All About Net Carbs
Bariatric surgery patients have a strict diet. It’s usually high in protein, and that may be what you hear about most often. But the diet is usually low in carbs, too. What are carbohydrates, and how do they relate to net carbs? How can you best count your carbs and keep them low as you lose weight and try to eat healthy foods?

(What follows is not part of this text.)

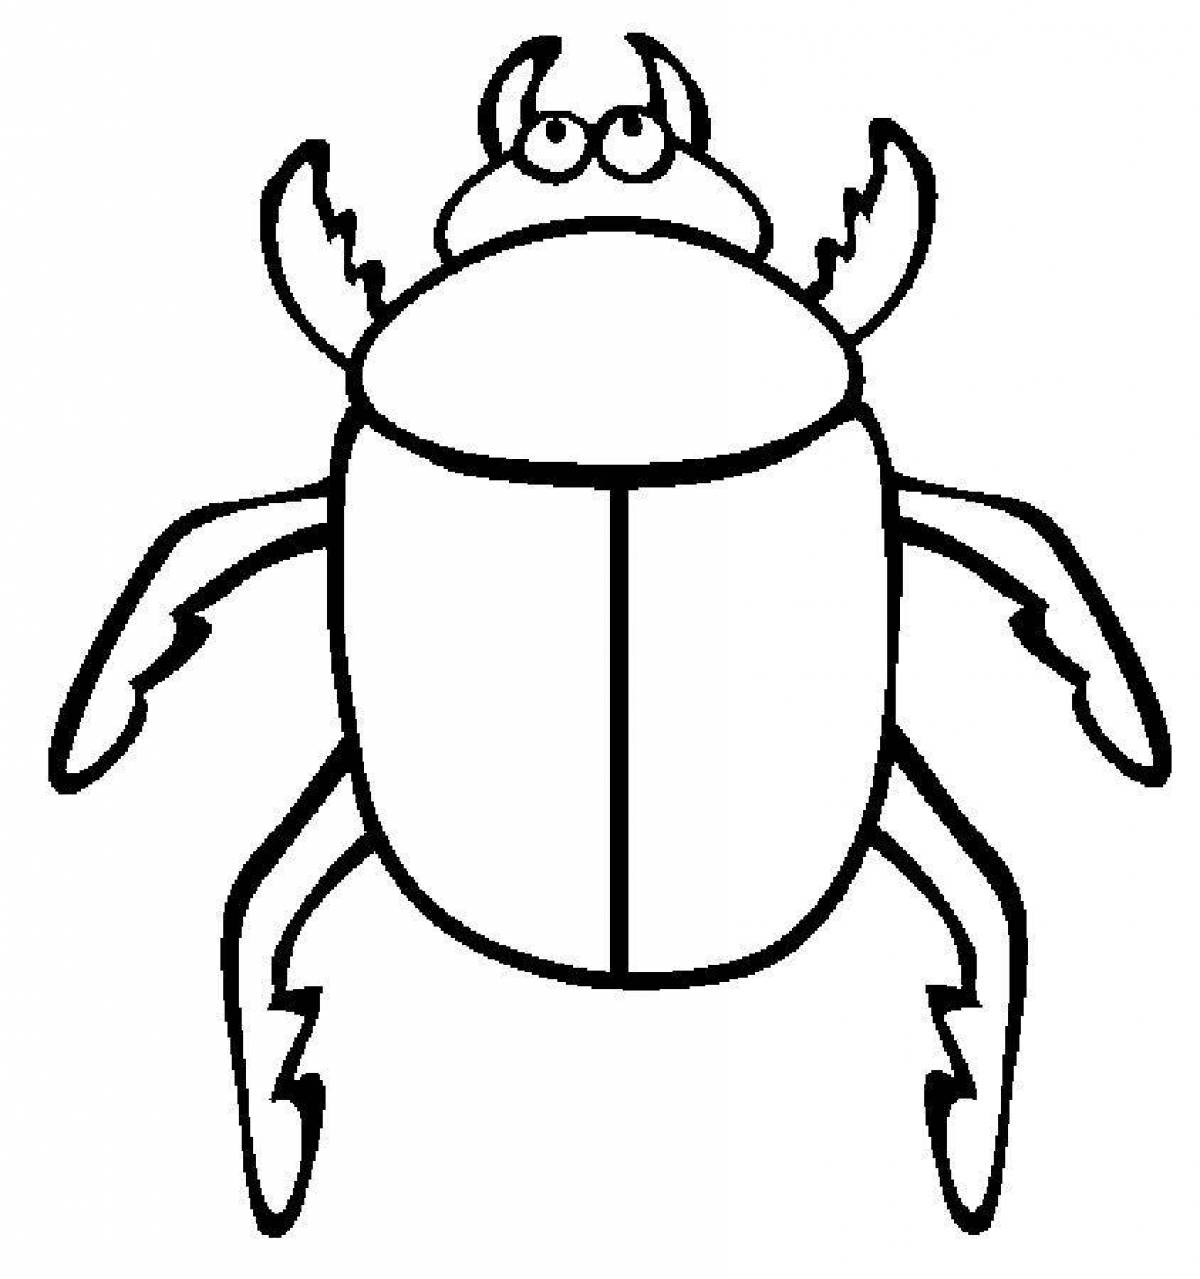 Stag beetle #5

Understanding carbohydrates and knowing how to keep them in check is important for weight loss and health. This is what you should know about types of carbs, how to calculate net carbs, and net carbs in common foods.
Types of Carbohydrates in Foods
The main types of carbohydrates in foods are sugars, starches, and dietary fiber. Sugars and starches have different effects on your body compared to dietary fiber. When it comes to how to calculate net carbs, you’ll see this difference reflected.
Sugars are simple carbohydrates. Some foods are natural sources of sugar. Fruit, milk, legumes, and vegetables have different amounts of different types of natural sugar. Added sugars are put into foods to sweeten them or provide other functional properties. Desserts, sugar-sweetened beverages, condiments, candy, and flavored oatmeal and yogurt can have added sugars.
Starches are complex carbohydrates. They are long chains of sugars. Your body breaks down starches into sugars. Foods with lots of starches include starchy vegetables, such as potatoes, yams, and corn, breads, cereals, other grain products, and legumes, such as beans, split peas, and lentils.
Dietary fiber is another type of carbohydrate. Your body cannot break it down. That’s why fiber doesn’t contribute to spikes in blood sugar. It can actually reduce spikes in blood sugar that sugars and starches can cause. It can be added to processed foods, but it is naturally found only in plant foods, such as vegetables, whole grains, fruits, nuts, seeds, and legumes.
How to Calculate Net Carbs
Net carbs are also called the digestible or impact carbs. It’s not hard to learn how to calculate net carbs for a serving of food. You don’t have to worry about sugars and starches by themselves. Just look at total carbs, dietary fiber, and sugar alcohols.
Start by looking at the number of grams of total carbs in a serving of a specific food. Then look at the number of grams of dietary fiber in that same serving of that food. Subtract the number of grams of dietary fiber from the grams of total carbs, and you get the net carbs. Now you know how to calculate net carbs!
Examples of How to Calculate Net Carbs
These are some examples of how to calculate net carbs in some different types of foods with carbohydrates.
Non-Starchy Vegetables: Example Showing Net Carbs in Tomatoes
A cup of cherry tomatoes has 6 grams of total carbohydrates. Of those, 2 grams are from dietary fiber. That means there are 4 grams of net carbs in a cup of cherry tomatoes.
Tomatoes are a type of non-starchy vegetable. These vegetables are low in total carbohydrates and contain fiber. Their net carbs range from under 1 gram of net carbs per serving to about 4 per serving. Lettuce, other greens, onions, peppers, eggplants, zucchini, radishes, cucumbers, mushrooms, and broccoli are examples of other non-starchy vegetables.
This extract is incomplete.